Invasion of Privacy

Illinois courts have recognized a cause of action for invasion of privacy for over 25 years now. However, in recent years, privacy and reputational tort attorneys have increasingly added this cause of action to their arsenal when suing past employers on behalf of former employees. Additionally, plaintiffs have added claims for invasion of privacy when suing for defamation, particularly internet defamation. At its core, the tort protects an individual’s right “to be let alone.”

Four separate legal theories, found in Restatement Second of Torts Section 652, make up the tort of invasion of privacy: (i) intrusion upon the seclusion of another; (ii) appropriation of name or likeness; (iii) publicity given to private life; and (iv) publicity placing a person in a false light (often shortened to just “false light” by courts and privacy law attorneys).

Intrusion upon Seclusion

The claims most frequently raised, particularly in the employment context, are intrusion upon the seclusion of another and false light. The Restatement Second of Torts Section 652B describes the theory of intrusion upon seclusion as: “One who intentionally intrudes, physically or otherwise, upon the solitude or seclusion of another or his private affairs or concerns, is subject to liability to the other for invasion of his privacy, if the intrusion would be highly offensive to a reasonable person.”

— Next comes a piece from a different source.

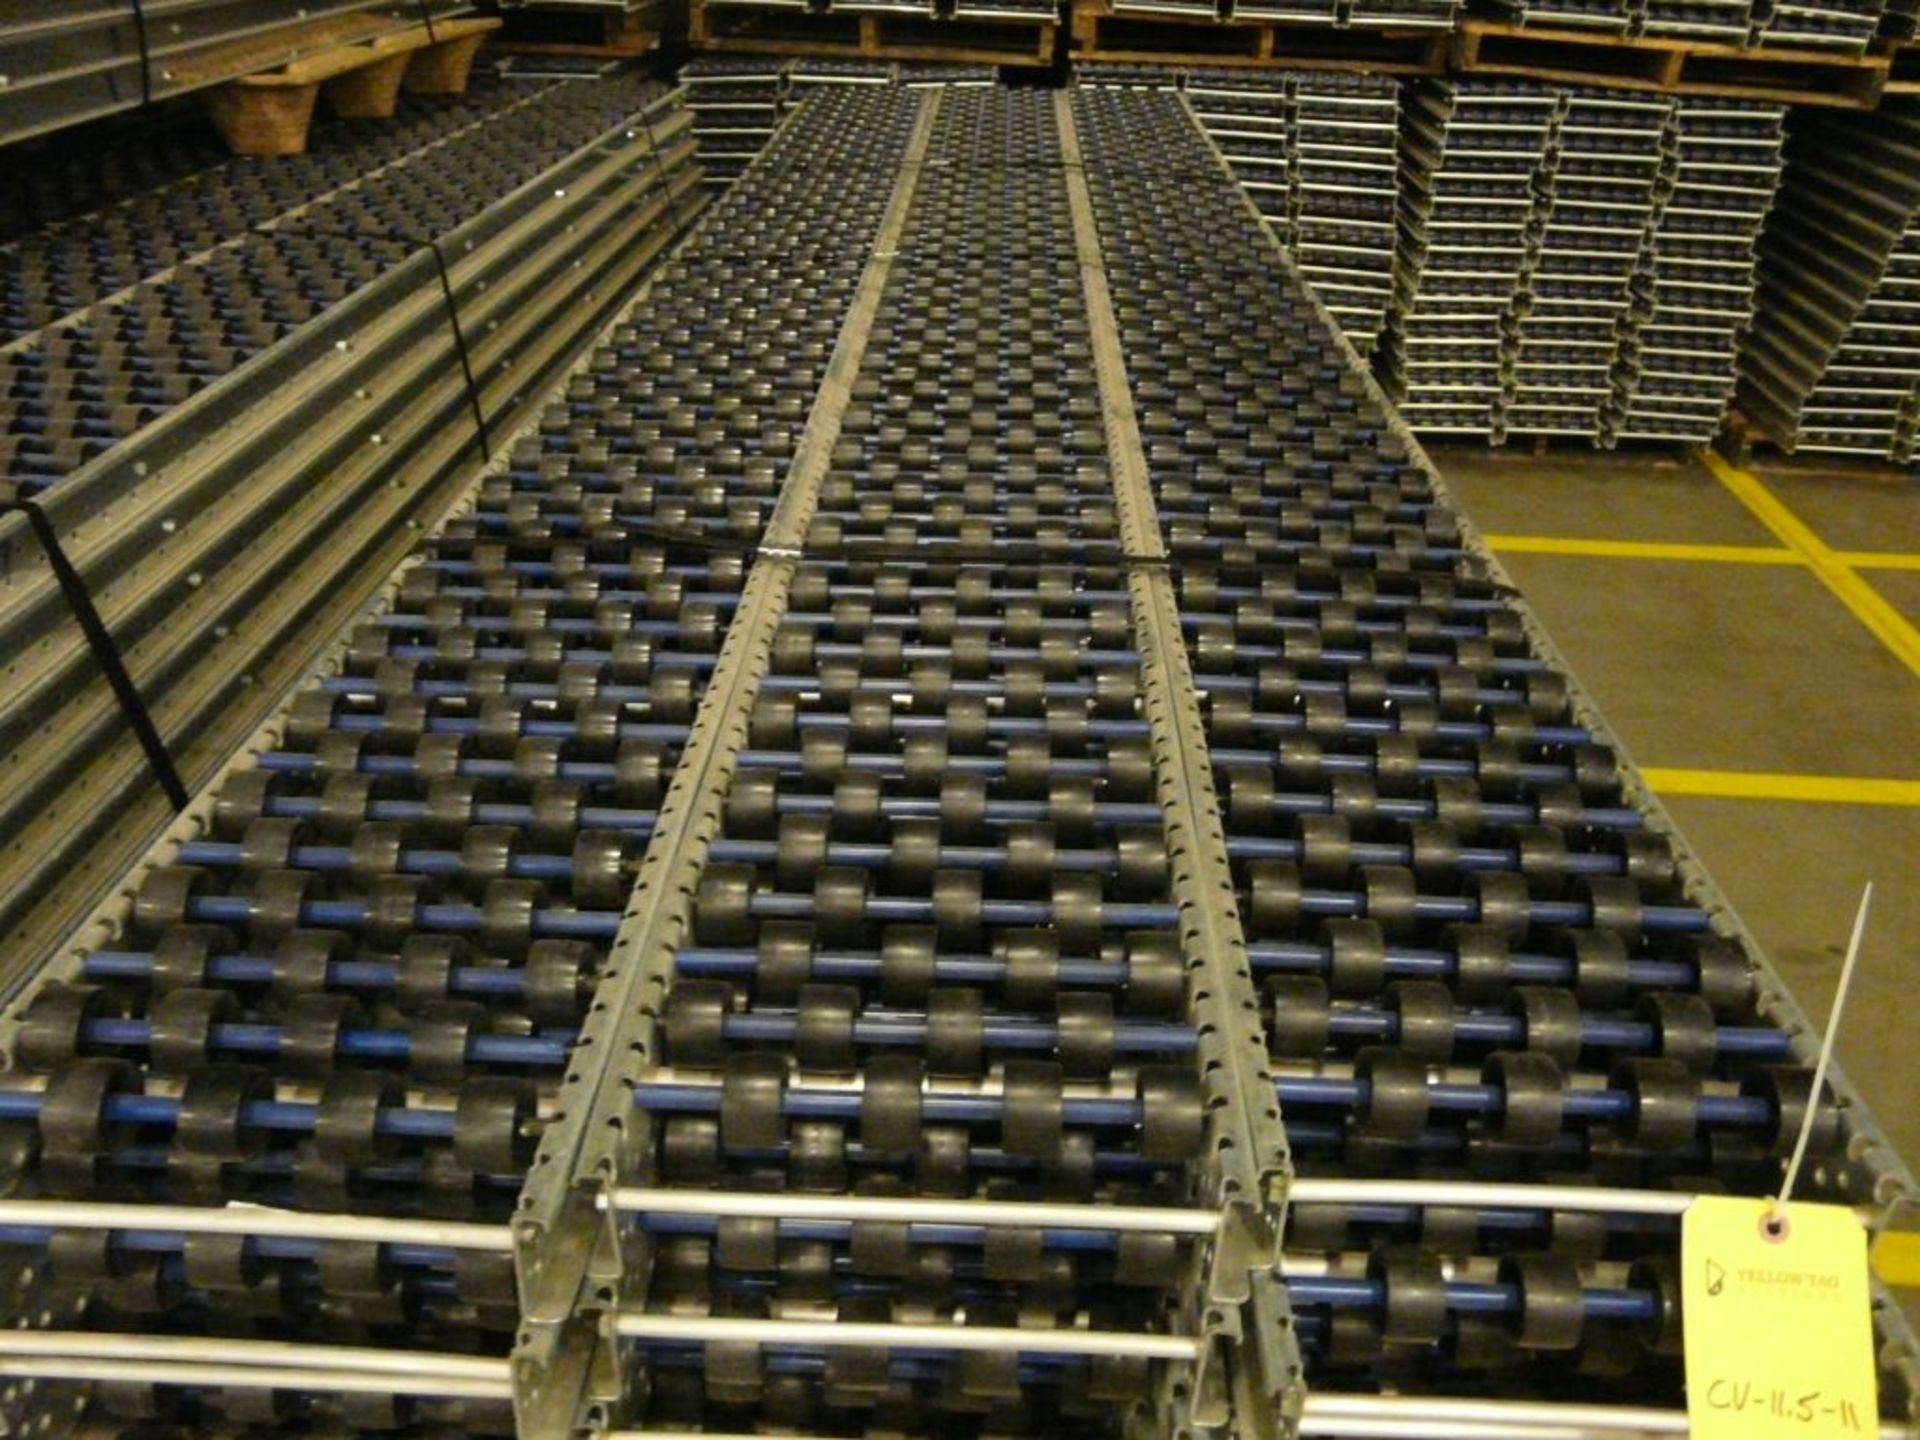 Lot of (90) SpanTrack Wheelbed Carton Flow Conveyors - 11.5'L x 11"W; Tag: 223603 - $30 Lot - Image 3 of 4

Intrusion upon seclusion requires some type of highly offensive prying into the physical boundaries or affairs of another person. Unlike the other legal theories that make up invasion of privacy claims, inclusion on seclusion of another is not based on the publication or publicity of any information. Instead, it is based on the outrageous, offensive prying into the private life of another. Examples of conduct, that would fall into this legal theory include:

  • Eavesdropping Invading someone’s home;
  • Wire tapping;
  • Monitoring private communications such as email without consent;
  • Illegally searching someone’s briefcase or electronic device;
  • Peering into the windows of a private home; or
  • Cyberstalking or making persistent, unwanted telephone calls or text messages.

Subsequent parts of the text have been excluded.